# Are my Cherry Shrimp eating pest snails?



## Shrimp&Snails

Since introducing eight cherry shrimp in my snail tank i've noticed several empty physid and planorbid (the tiny ones, not ramshorn) shells. I noticed a planorbid shell today balanced on a cabomba leaf.

I guess my shrimp ate them as I only have other snails and pygmy corydoras in the tank. I also have apple snail hatchlings but I haven't seen any empty shells....maybe because they have an operculum.

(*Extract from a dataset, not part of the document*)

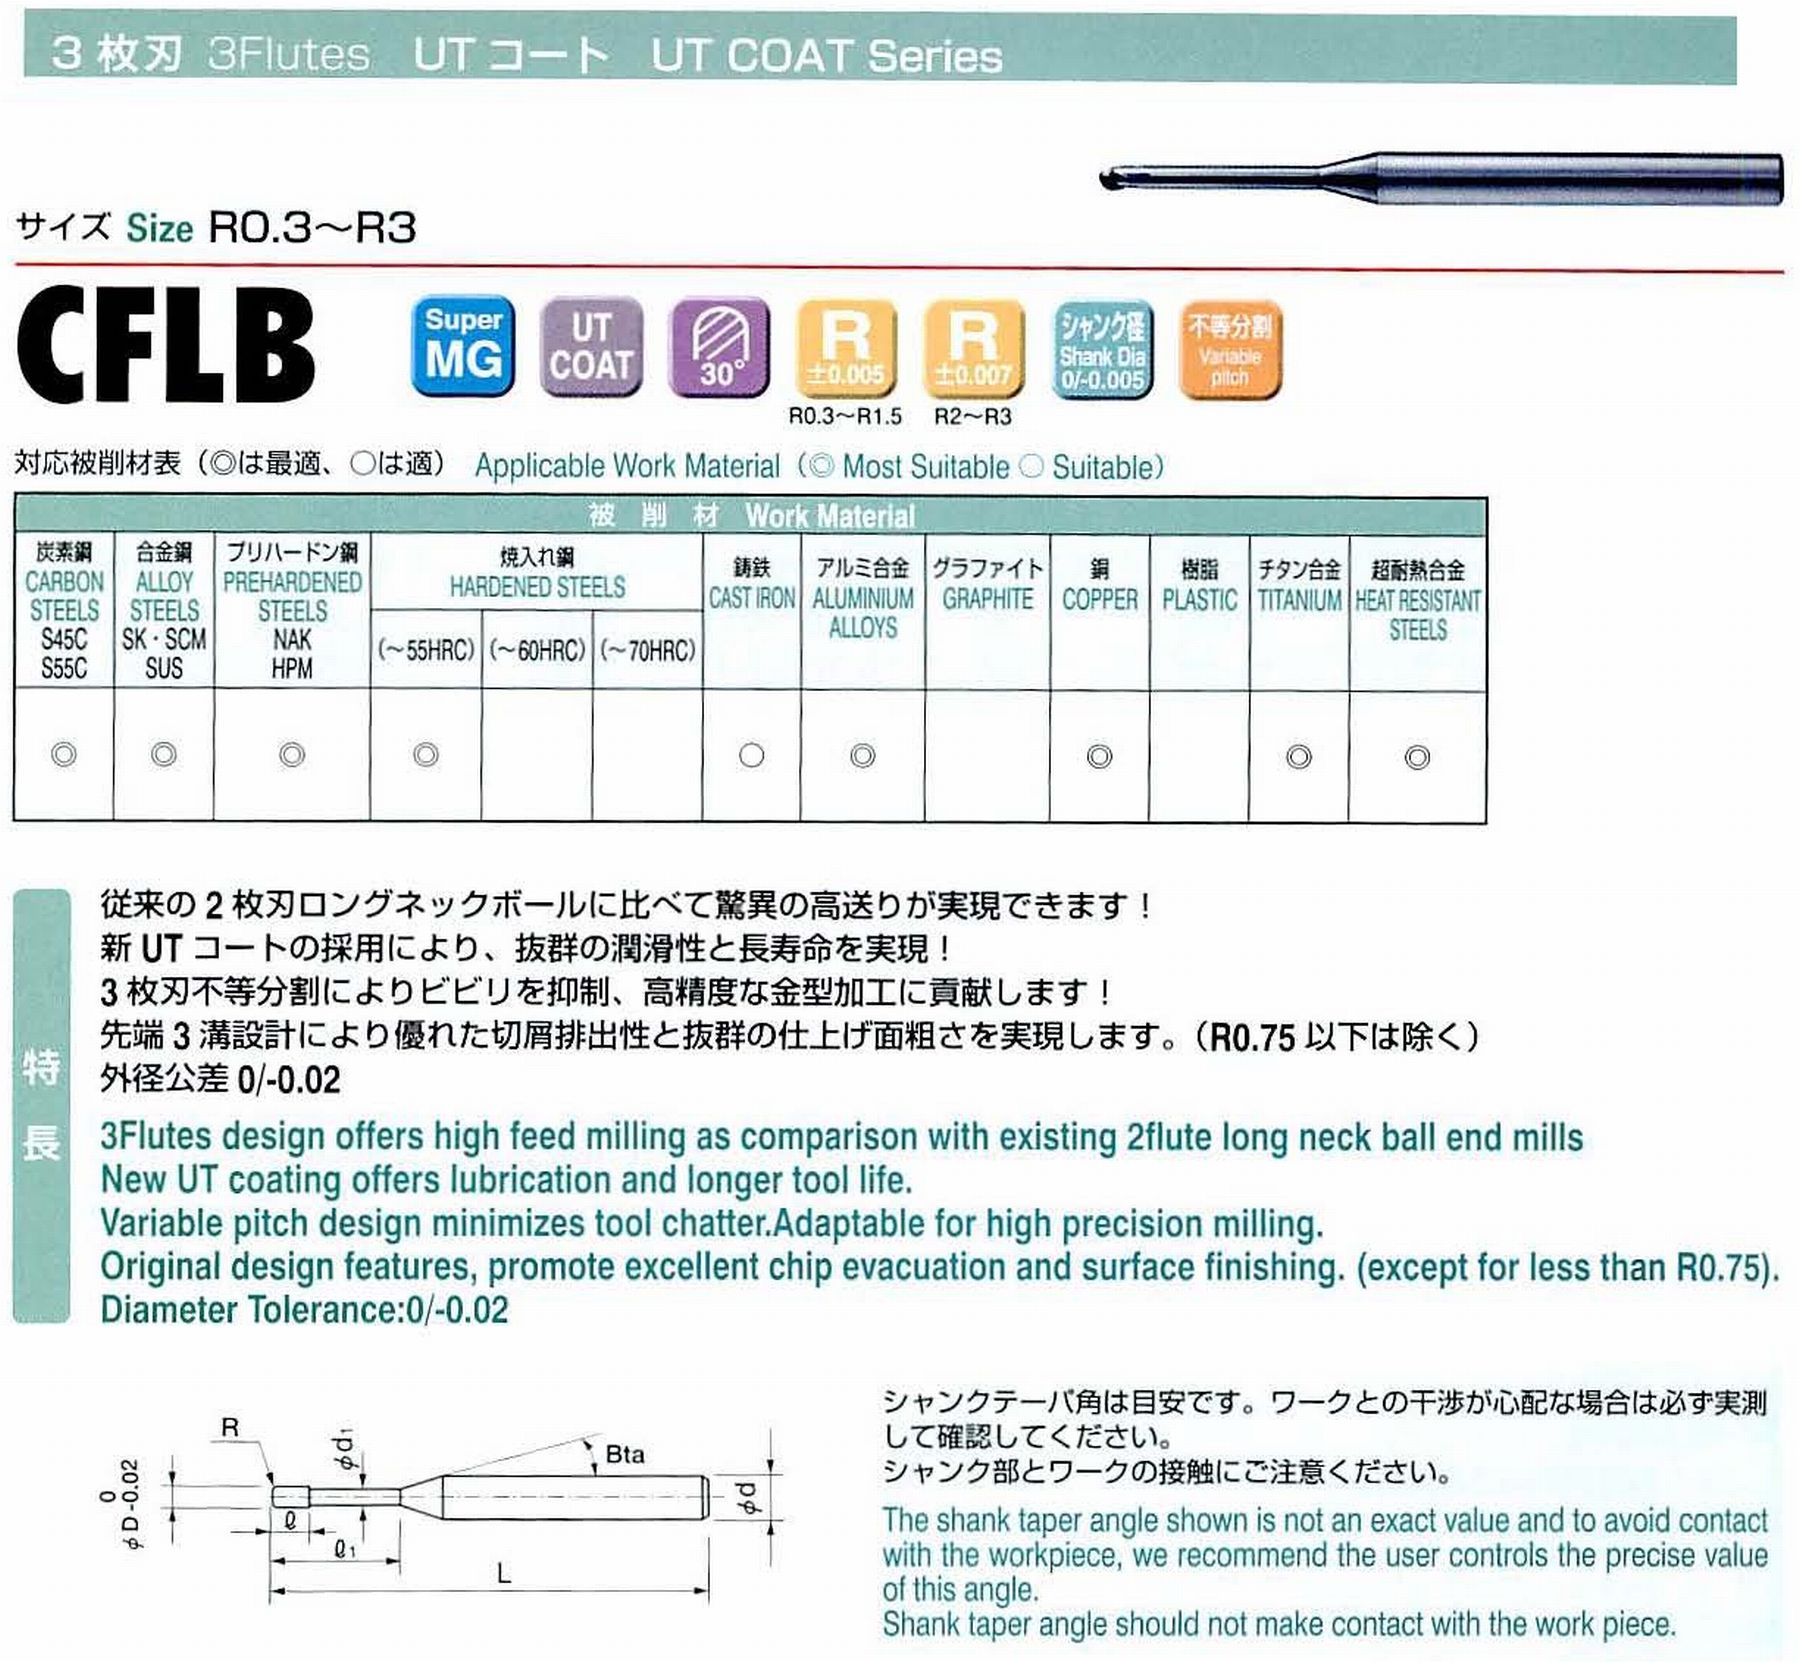 ユニオンツール 3枚刃 CFLB3006-020 ボール半径R0.3 有効長2 刃長0.48 首径0.58 シャンクテーパ角16° 全長50 シャンク径4

Has anyone else noticed this with their cherry shrimp?


----------



## milalic

I have not notice it...but i have not looked at my tank to see if I find empty snail shells either...

Cheers,
Pedro


----------



## John N.

Never noticed it, snails are running while in all the shrimp tanks...

Maybe in your case, the shrimp are eating all the algae before the little snails get a chance to snack on it? 

-John N.


----------



## trenac

I've never seen my Cherry's eat snails but I have seen my Amano's doing so.


----------



## bkrstmuse

I usually crush my pond snails and let my amanos and cherries snack on them. I think they've grown accustomed to the taste because now I see them going after the snails on their own. 

BTW my neons also love to eat crushed snails.


----------



## Cap'n Slappy

They'll eat dead snails out of the shell or pick algae of their shells. I have never seen them catching and eating live ones, though.


----------



## Questin

I have a little Cherry Shrimp tank that I tried very hard to start it out with no pest snails. Well that did not work, they still showed up, but when my population of snails grew, the pest snails started to not catch my eye.

Then I noticed in a dark little area many white specs, when I looked more at it, I could clearly see the many many pest snail shells that were building up in the area.

Yes, your Cherry Shrimps are eating your pest snails.

They do not go hunting for them, but like many scavengers, when the opportunity presents itself, they take it. I still see the snails in the tank and my shrimp population is very large now.


----------



## James0816

I can say that my Pearls will take on the snails. They have nearly wiped out the snail population in their tank. Not sure about RCS.


----------